The views expressed in our content reflect individual perspectives and do not represent the official views of the Baha'i Faith.

“What’s the main cause of homelessness?” a news reporter asked me. “Lack of a home,” I said. “No, really,” he replied, chuckling as though I were kidding him. “No – really,” I replied, dead serious.

Some societies have figured out this very basic equation, and some haven’t. Personally, it took me a few years of working with homeless people to get it. The Baha’i teachings also helped me understand that reality:

O Thou divine Providence, pitiful are we, grant us Thy succour; homeless wanderers, give us Thy shelter; scattered, do Thou unite us; astray, gather us to Thy fold; bereft, do Thou bestow upon us a share and portion; athirst, lead us to the well-spring of Life; frail, strengthen us that we may arise to help Thy Cause and offer ourselves as a living sacrifice in the pathway of guidance. – Abdu’l-Baha, Selections from the Writings of Abdu’l-Baha

That line from Abdu’l-Baha’s prayer – “homeless wanderers, give us Thy shelter” – resonated with me deeply, and helped me find a path from the old traditional way of dealing with homelessness to a completely new and much more effective one. Let me tell you the story.

When a few friends and I founded Homeless Health Care Los Angeles in 1985, we initially used the standard social work model of dealing with homelessness. That model usually goes like this: a homeless person has to climb an ascending ladder of challenges to get housed, first by agreeing to enter a substance abuse or mental health counseling program, then getting sufficiently recovered or clean and sober to merit a stay in temporary accommodations like missions or shelters, then finding work, then finally being rewarded for all of that effort to get their life back on track with a place to live. 

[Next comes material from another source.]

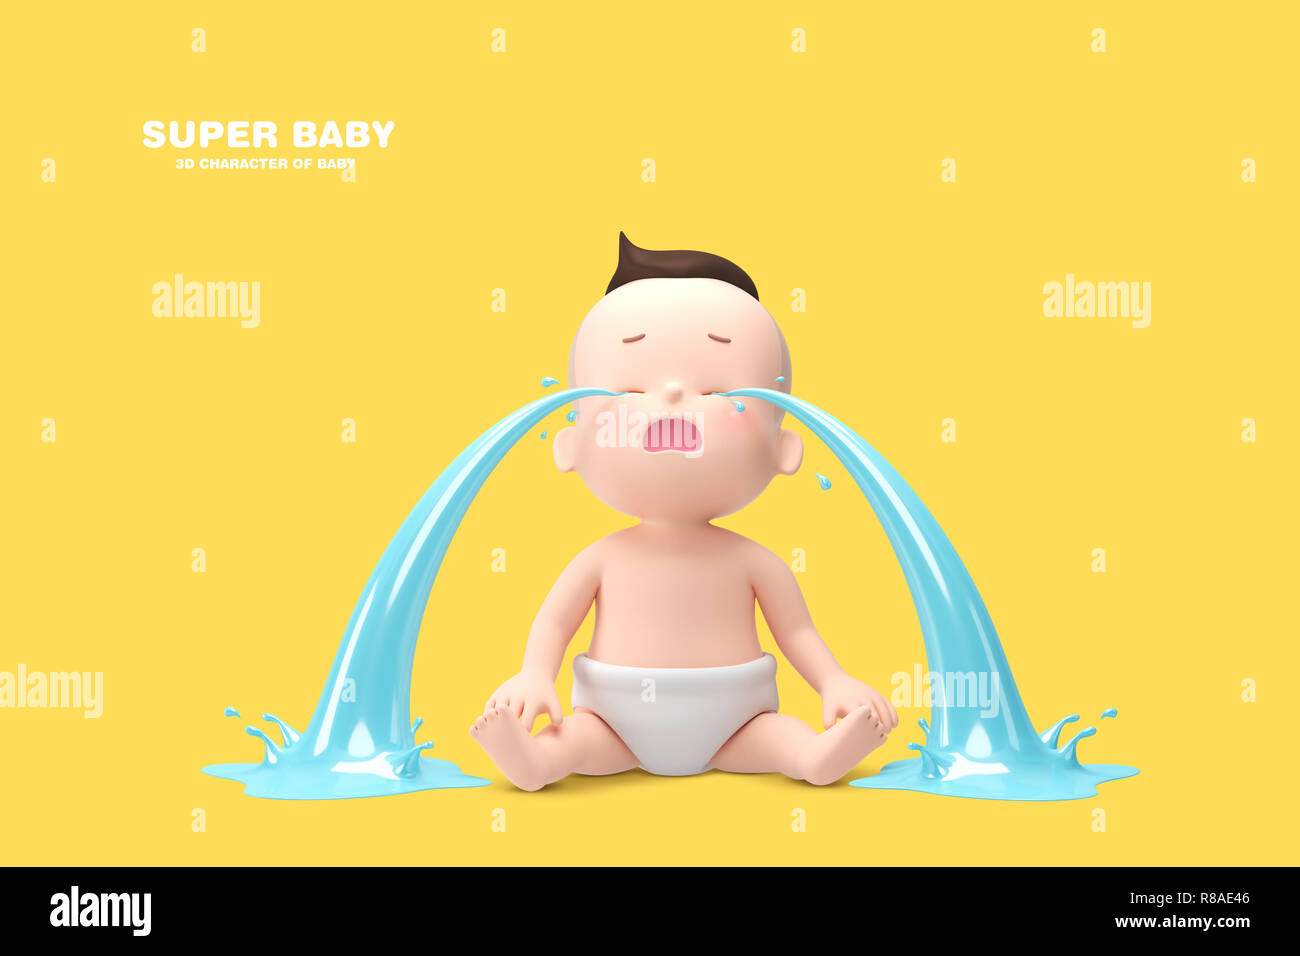 Super baby concetto, 3D carattere del bambino. 013 Foto Stock

In this traditional model, the rules and restrictions make each rung of that ladder a pretty hard climb. If you fall off the wagon of sobriety, for example, with even a minor temporary relapse, you go back down to the first step to start all over again. Relapse in your treatment program, and most traditional shelters won’t even give you a bed to sleep in.

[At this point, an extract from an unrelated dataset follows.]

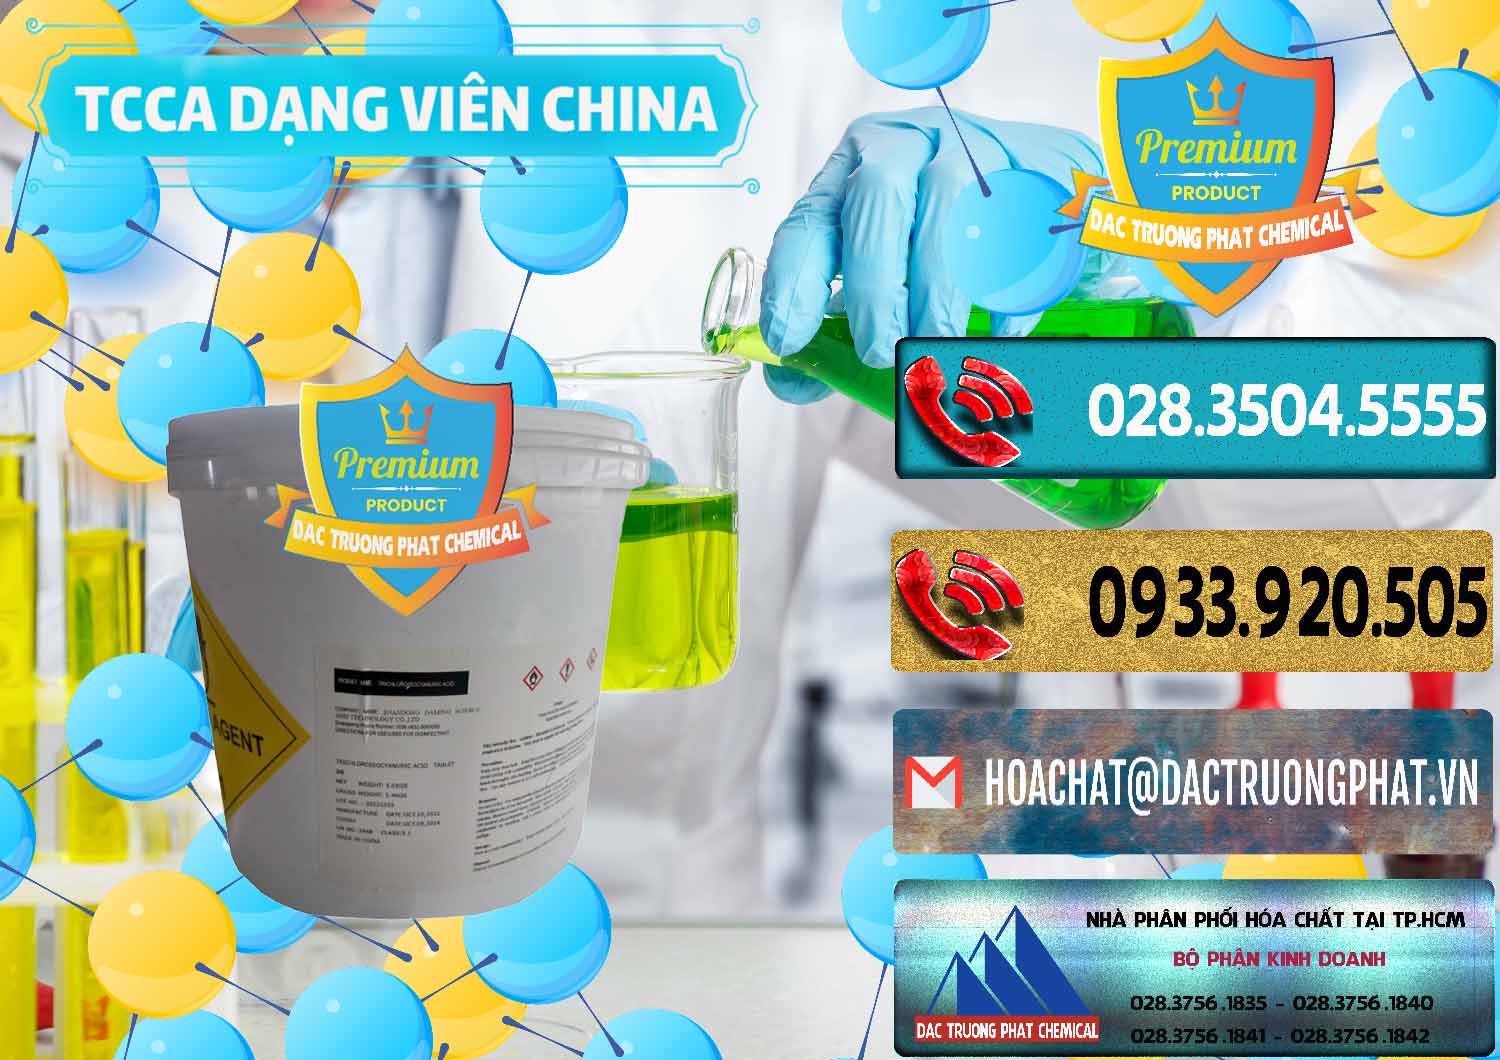 Bán ( cung ứng ) TCCA - Acid Trichloroisocyanuric Dạng Viên Thùng 5kg Trung Quốc China - 0379 - Cung cấp & bán hóa chất tại TP.HCM - hoachatdetnhuom.com

But as the homelessness crisis in America ramped up in the ‘80s and ‘90s, providers of services like the organization I helped run soon began to realize that this old social work model tended to unintentionally victimize the people it attempted to serve.

Here’s a real-life example I encountered in L.A.: a woman named Margaret (not her real name) showed up at a temporary homeless mission on Skid Row with alcohol on her breath. The mission had a bed available, but its rules enforced sobriety as a pre-condition for staying there, so Margaret got turned away. That night, sleeping outside in the rain, a poisonous spider bit her on the foot. She had no health insurance, so couldn’t see a doctor. Instead, she went to the hospital emergency room, but it took her two days to get there because the painful bite made it hard to walk, and there were no buses. The hospital couldn’t save her foot, and amputated it. While there, she contracted pneumonia from her exposure to the elements. She was prescribed antibiotics and started to recover, but was then released prematurely from the hospital – to the streets. It’s still raining, and she’s on crutches. Three days later, Margaret died.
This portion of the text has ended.